In this demo, you’ll learn how to use Chroma with OpenAI and LangChain. Thanks to LangChain, the interface for working with different vector databases is remarkably consistent. In this section, you’ll focus on Chroma, but remember that you can readily substitute it with another supported database if you prefer.

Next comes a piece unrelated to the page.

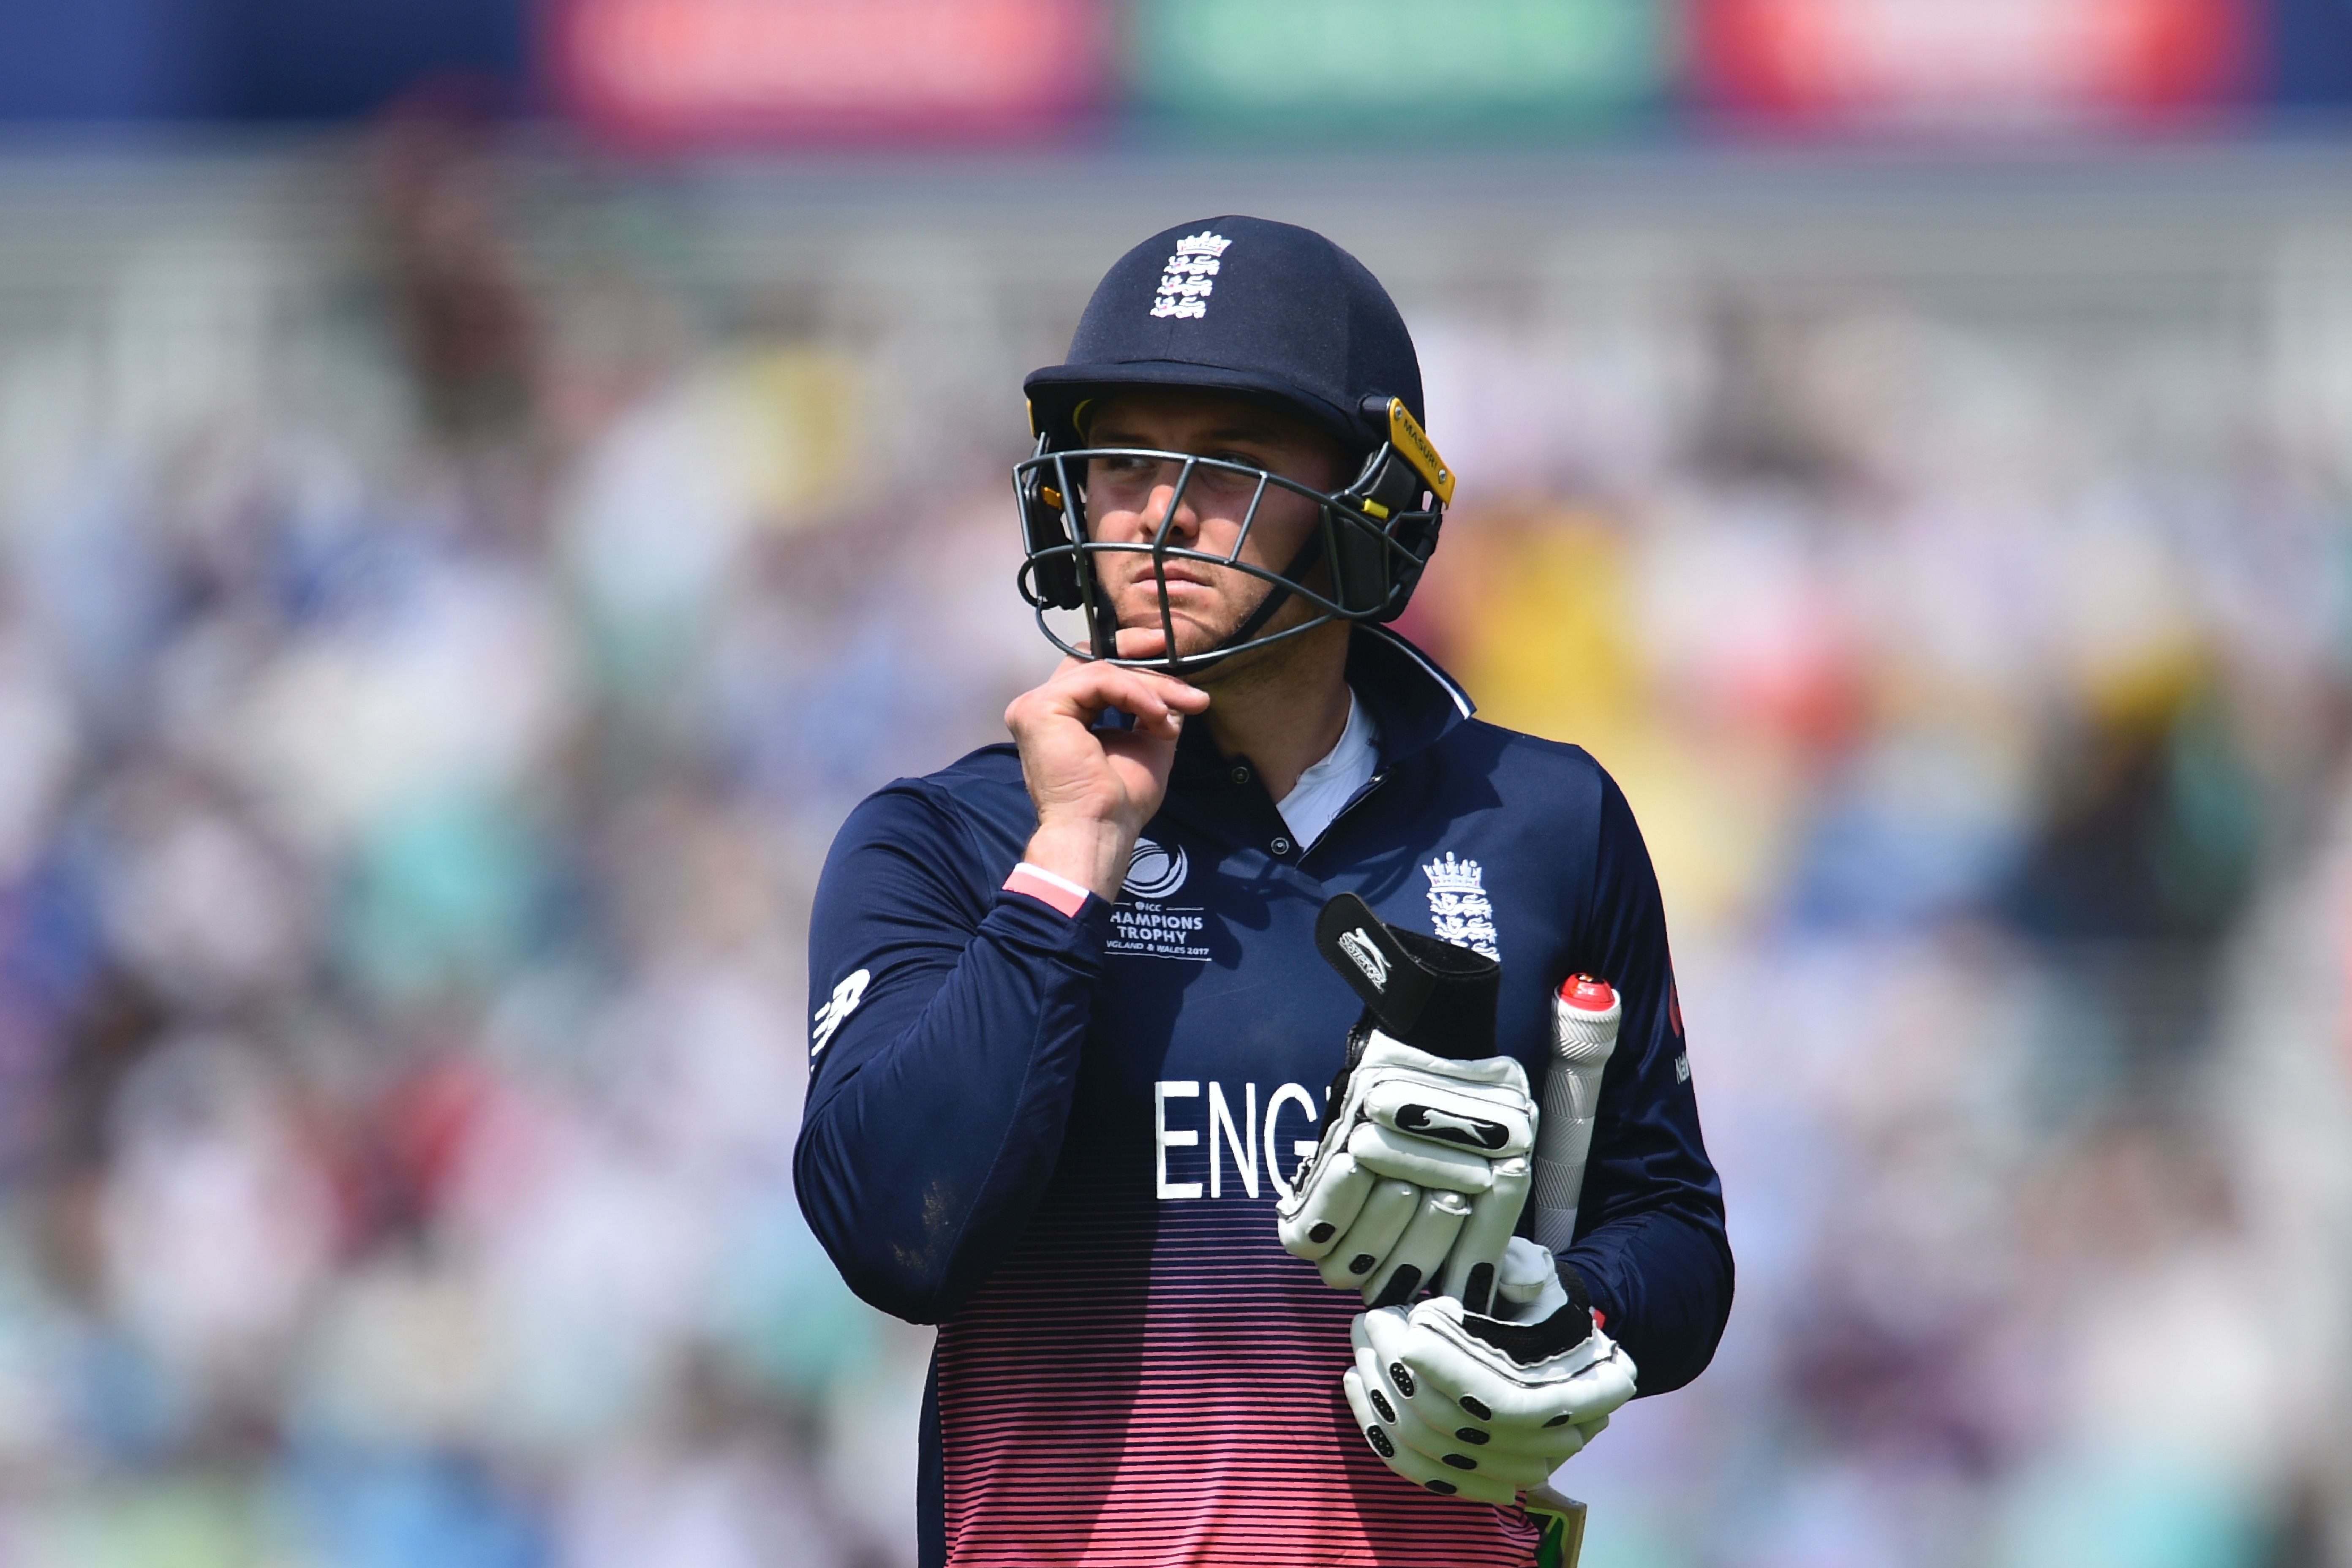 England's Jason Roy leaves the pitch after getting out for 1 run during the ICC Champions trophy cricket match between England and Bangladesh at The Oval in London on June 1, 2017. / AFP PHOTO / Glyn KIRK / RESTRICTED TO EDITORIAL USE (Photo credit should read GLYN KIRK/AFP/Getty Images)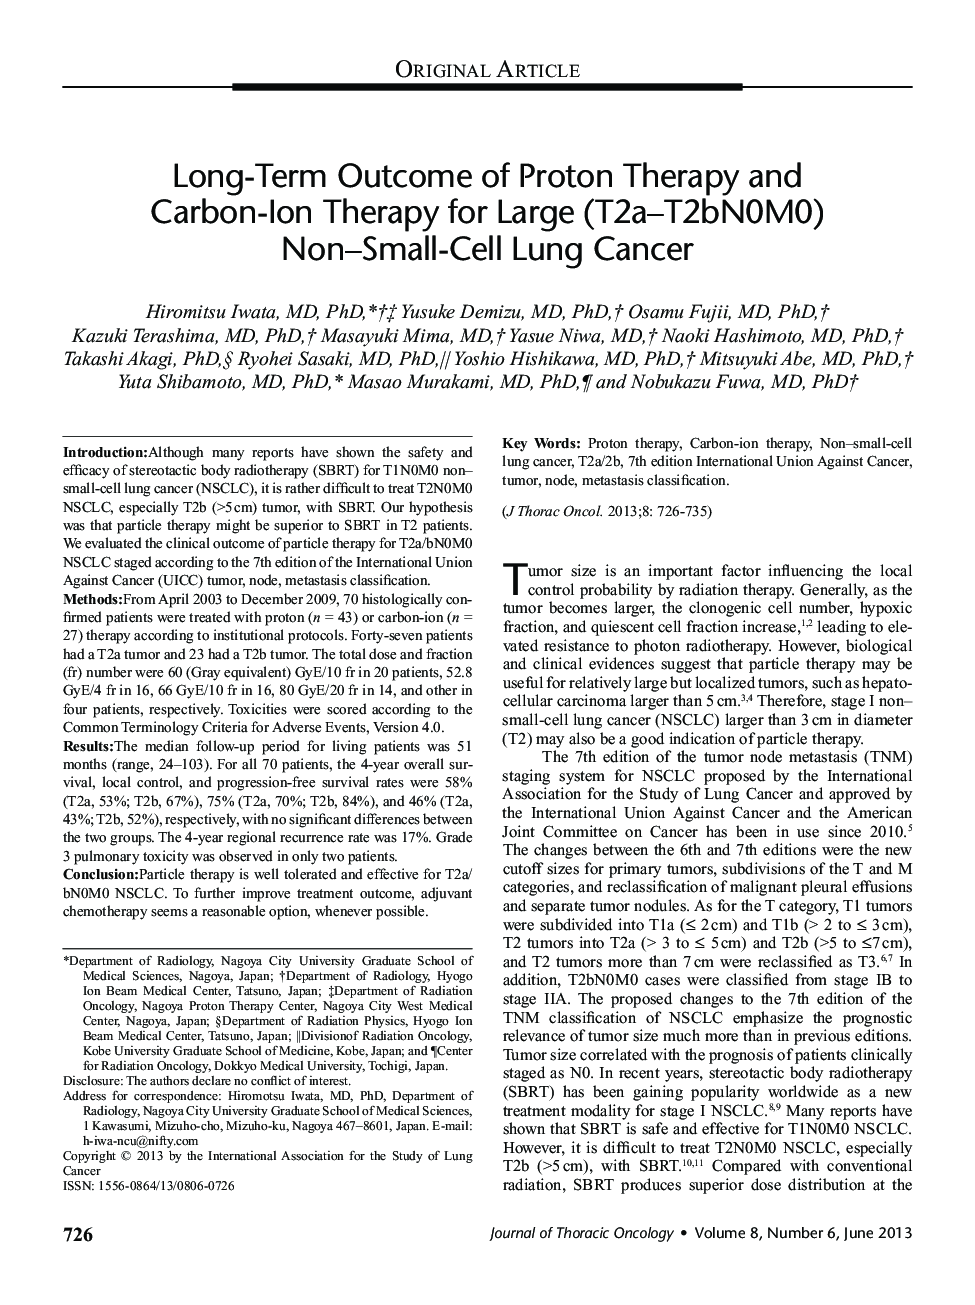 Long-Term Outcome of Proton Therapy and Carbon-Ion Therapy for Large (T2a–T2bN0M0) Non–Small-Cell Lung Cancer

Getting Started with Chroma

Chroma is an open-source vector database designed with developer productivity in mind. To install the necessary LangChain integration, return to your terminal and execute:

pip install langchain-chroma
from langchain_chroma import Chroma

db = Chroma(
  embedding_function=embeddings_model,
)
db = Chroma(
  collection_name="speech_collection",
  embedding_function=OpenAIEmbeddings(),
  persist_directory="./chroma_db",
)

Populating Chroma With Data

Next, insert data into your Chroma database. LangChain abstracts away the low-level details, so you’ll work with LangChain document objects to represent your data.

from uuid import uuid4
from langchain_core.documents import Document

document_1 = Document(
  page_content="20 tons of cocoa have been deposited at Warehouse AX749",
  collection_name="speech_collection",
  embedding_function=OpenAIEmbeddings(),
  persist_directory="./chroma_db",
  metadata={"source": "messaging_api"},
  id=1,
)

document_2 = Document(
  page_content="The National Geographic Society has discovered a new species
    of aquatic animal, off the coast of Miami. They have been exploring at 
    8000 miles deep in the Pacific Ocean. They believe there's a lot 
    more to learn from the oceans.",
  metadata={"source": "news"},
  id=2,
)

document_3 = Document(
  page_content="Martin Luther King's speech, I Have a Dream, remains 
    one of the world's greatest ever. Here's everything he said 
    in 5 minutes.",
  metadata={"source": "website"},
  id=3,
)

document_4 = Document(
  page_content="For the first time in 1200 years, the Kalahari 
    desert receives 200ml of rain.",
  metadata={"source": "tweet"},
  id=4,
)

document_5 = Document(
  page_content="New multi-modal learning content about AI is ready
    from Kodeco.",
  metadata={"source": "kodeco_rss_feed"},
  id=5,
)

documents = [
  document_1,
  document_2,
  document_3,
  document_4,
  document_5,
]
uuids = [str(uuid4()) for _ in range(len(documents))]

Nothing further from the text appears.